Ogni mattina guardava la propria immagine allo specchio e non vedeva più un’ombra solitaria, in attesa. Vedeva una donna, in tutto e per tutto. Quel vuoto, quella mancanza, era stata colmata nel momento in cui aveva capito che la felicità non doveva essere rincorsa per perseverare, ma che doveva essere apprezzata in quello sprazzo che la caratterizzava. Doveva essere colta, per poi essere custodita. Così come l’amore.
Jack aveva trascorso una vita intera ad inseguire le orme di qualcun altro, aveva assaporato le ingiustizie e ne aveva fatto tesoro, si era aggrappato alla speranza di poter rivendicare il proprio padre, portare avanti la sua passione per dimostrare quanto grande fosse il suo cuore.
Meredith aveva mantenuto la promessa.
La sua vita aveva intrapreso un cammino ben delineato, dove la presenza di Jack era costante. Nel suo cuore, aveva intrappolato tutti i loro ricordi, era lì il loro posto.
Si alzò in piedi e osservò la sporgenza dalla felpa.

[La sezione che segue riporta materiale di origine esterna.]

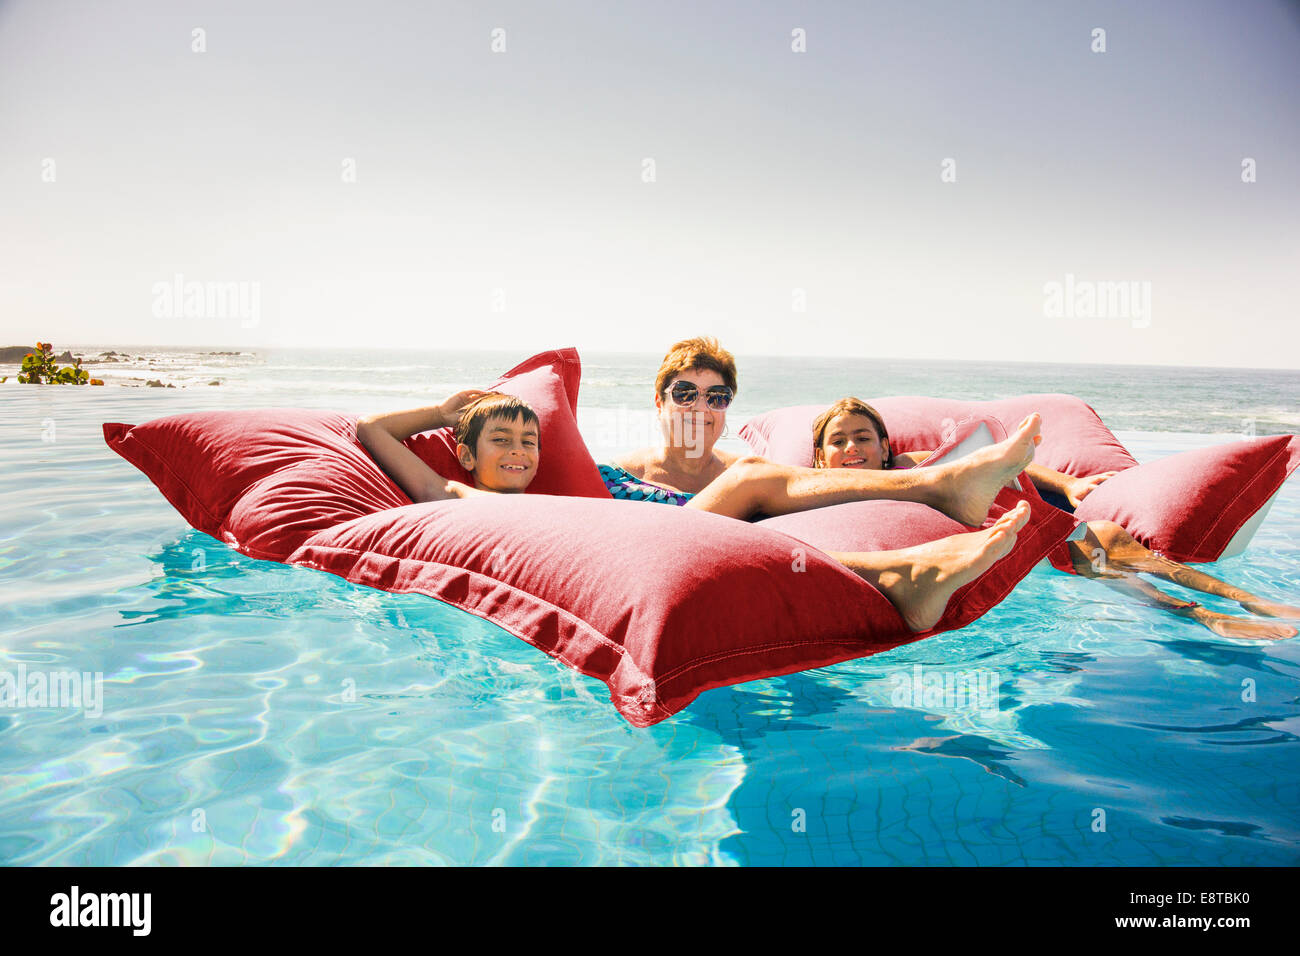 Grandmother and grandchildren relaxing on pool raft Stock Photo

Carezzò la pancia, con un sorriso sulle labbra. Era certa che Jack, ovunque fosse, la stava osservando e sorrideva, proprio come lei, per aver mantenuto la promessa.
Si avvicinò alla riva, la schiuma del mare le bagnò i piedi e sospirò, stringendo tra le dita quella catenina in argento che aveva assistito al progresso della sua vita.
Giungeva al termine il suo percorso.
Meredith voleva che tornasse da dov’era venuta, voleva ingenuamente liberarla dalla sorte in cui era stata imprigionata, in modo che entrambi avessero un peso in meno sul cuore.
Baciò il ciondolo, il colore della pietra le ricordò gli occhi di Jack e le si inumidirono gli occhi. Si fece coraggio e, ruotando il braccio, lanciò la catena verso l’orizzonte. La vide cascare nell’acqua, portando con sé la scia dei loro ricordi e delle loro emozioni.
Una lacrima le scivolò lungo la guancia, sentendo un senso di pace avvolgerle il cuore.
Sei libero, Jack.
E con te, adesso, lo sono anch’io.
Fa’ qualcosa per me, però: aspettami, come ho fatto io.

 

 

 

E se senti la fiamma dell’amore stanotte
E tu sei troppo debole per portare questo fuoco,
Scompari.
Sarò qui nelle notti a venire, ti aspetterò.


 

The End.
 

NdA finali:
Questa storia mi ha condotta al terzo posto di un contest valutato da  _Calypso_ e devo ammettere d’essere rimasta piacevolmente colpita dal risultato. Ho scritto questa storia in due giorni, un po’ per la foga dell’idea, un po’ perché il termine del contest era vicino. Tutto sommato, ciò che ne è uscito fuori, mi è piaciuto molto e mi auguro che possa essere piaciuto anche a chi abbia posato uno sguardo!
La vena drammatica è presente, anche perché il contest era a base drammatica, ma ho cercato d’inserire anche altri fattori.
So che questo non è affatto il momento adatto, in quanto siamo a Natale e a nessuno piacerebbe deprimersi, o almeno a me non piacerebbe, per cui mi scuso per il tempismo fuori luogo, ma ciò nonostante auguro un felice Natale e, in tal caso, un buon inizio anno a chiunque voglia essere così temerario da leggere.